Department of Psychology, Bar-Ilan University, Max and Anna Webb St., Ramat-Gan, Israel.
Department of Psychology, Bar-Ilan University, Max and Anna Webb St., Ramat-Gan, Israel.
Eur Psychiatry. 2017 Oct;46:33-41. doi: 10.1016/j.eurpsy.2017.08.002. Epub 2017 Aug 30.
Deficits in metacognition are one of the major causes of the difficulties experienced by individuals with schizophrenia. Studies have linked these deficits to symptom exacerbation and deterioration in psychosocial functioning. The aim of the present meta-analysis was to examine the extensive existing literature regarding metacognitive deficits among persons with schizophrenia; a further aim was to assess the extent to which metacognitive abilities are linked to outcome measures of symptoms and psychosocial functioning.

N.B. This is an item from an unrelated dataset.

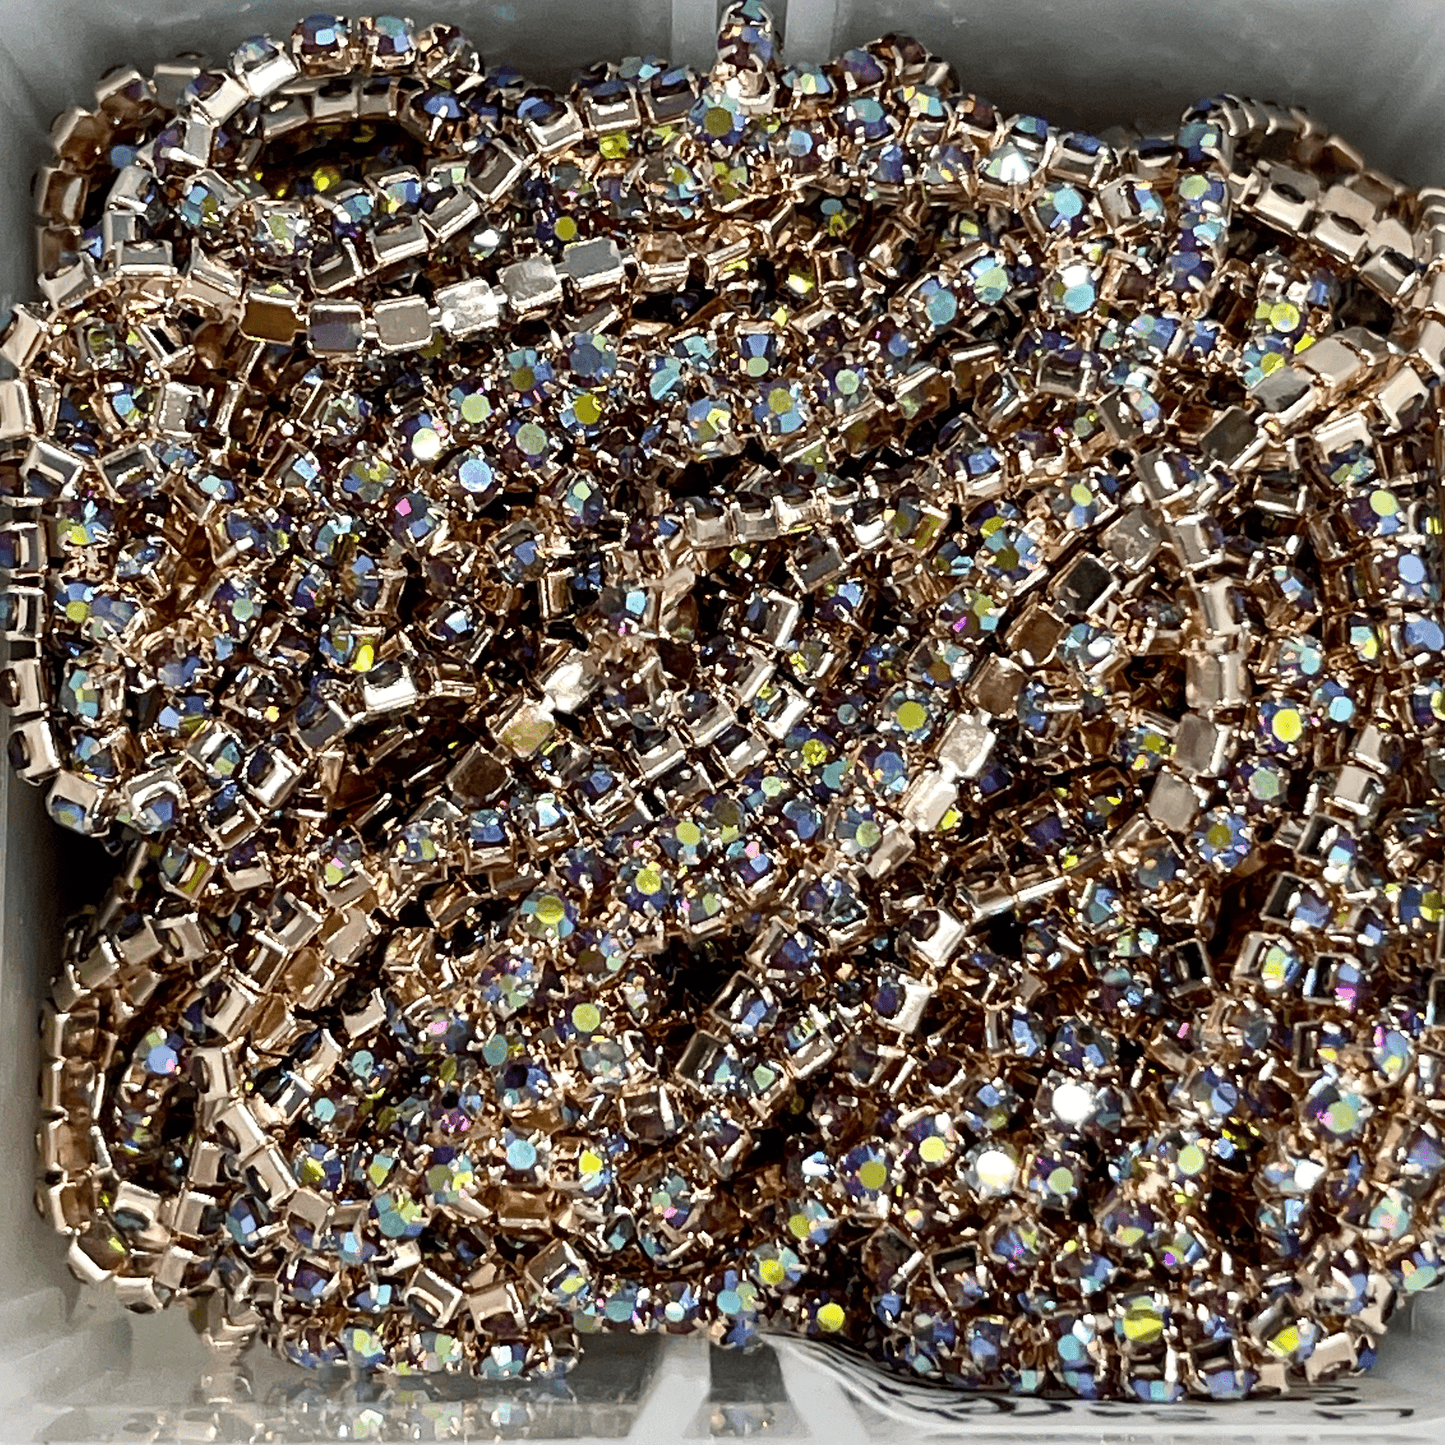 Sundaylace Creations & Bling SS6 Metal Rhinestone Chain Ss6 Light Sapphire (Periwrinkle) AB Rhinestone with Champagne Dense Chain, Rhinestone Metal Chain

We conducted a systematic literature search of studies examining the relationship between metacognitive abilities and outcome measures among people with schizophrenia. We then analyzed the data using a random-effects meta-analytic model with Cohen's d standardized mean effect size.
Heterogeneity analyses (k=32, Cohen's d=-.12, 95% CI.-1.92 to 1.7) produced a significant Q-statistic (Q=456.89) and a high amount of heterogeneity, as indicated by the I statistic (93.04%), suggesting that moderator analyses were appropriate. As hypothesized, measure type moderated the metacognitive deficit with homogenous effect for psychosocial functioning measures (Q=9.81, I=19.47%, d=.94. 95% CI .58 to 1.2) and symptoms (Q=19.87, I=0%, d=-1.07, 95% CI -1.18 to -.75). Further analysis found homogenous effects for MAS-A subscales as well as PANSS factors of symptoms.
Our meta-analysis results illustrated a significant association between metacognitive deficits and both symptomatic and psychosocial functioning measures. These links suggest that the associations between metacognitive abilities and symptomatic outcomes are different from those between metacognitive abilities and psychosocial functioning measures. Intriguing hypotheses are raised regarding the role that metacognitive abilities play in both symptoms and psychosocial functioning measures of people diagnosed with schizophrenia spectrum disorders.
元认知缺陷是精神分裂症患者所面临困难的主要原因之一。研究表明,这些缺陷与症状恶化和社会心理功能下降有关。本元分析旨在检查大量关于精神分裂症患者元认知缺陷的现有文献;进一步的目的是评估元认知能力与症状和社会心理功能的结果测量之间的关联程度。
我们对检查元认知能力与精神分裂症患者的结果测量之间关系的研究进行了系统的文献检索。然后,我们使用随机效应元分析模型和 Cohen 的 d 标准化均数效应大小分析数据。
异质性分析(k=32,Cohen 的 d=-.12,95%CI.-1.92 至 1.7)产生了一个显著的 Q 统计量(Q=456.89)和高度的异质性,如 I 统计量(93.04%)所示,表明适合进行调节分析。正如假设的那样,测量类型调节了元认知缺陷,对社会心理功能测量(Q=9.81,I=19.47%,d=.94.95%CI.58 至 1.2)和症状(Q=19.87,I=0%,d=-1.07,95%CI -1.18 至 -.75)具有同质效应。进一步的分析发现 MAS-A 子量表和 PANSS 症状因子也具有同质效应。
我们的元分析结果表明,元认知缺陷与症状和社会心理功能测量之间存在显著关联。这些关联表明,元认知能力与症状结果之间的关联与元认知能力与社会心理功能测量之间的关联不同。有趣的假设是,元认知能力在精神分裂症谱系障碍患者的症状和社会心理功能测量中起着重要作用。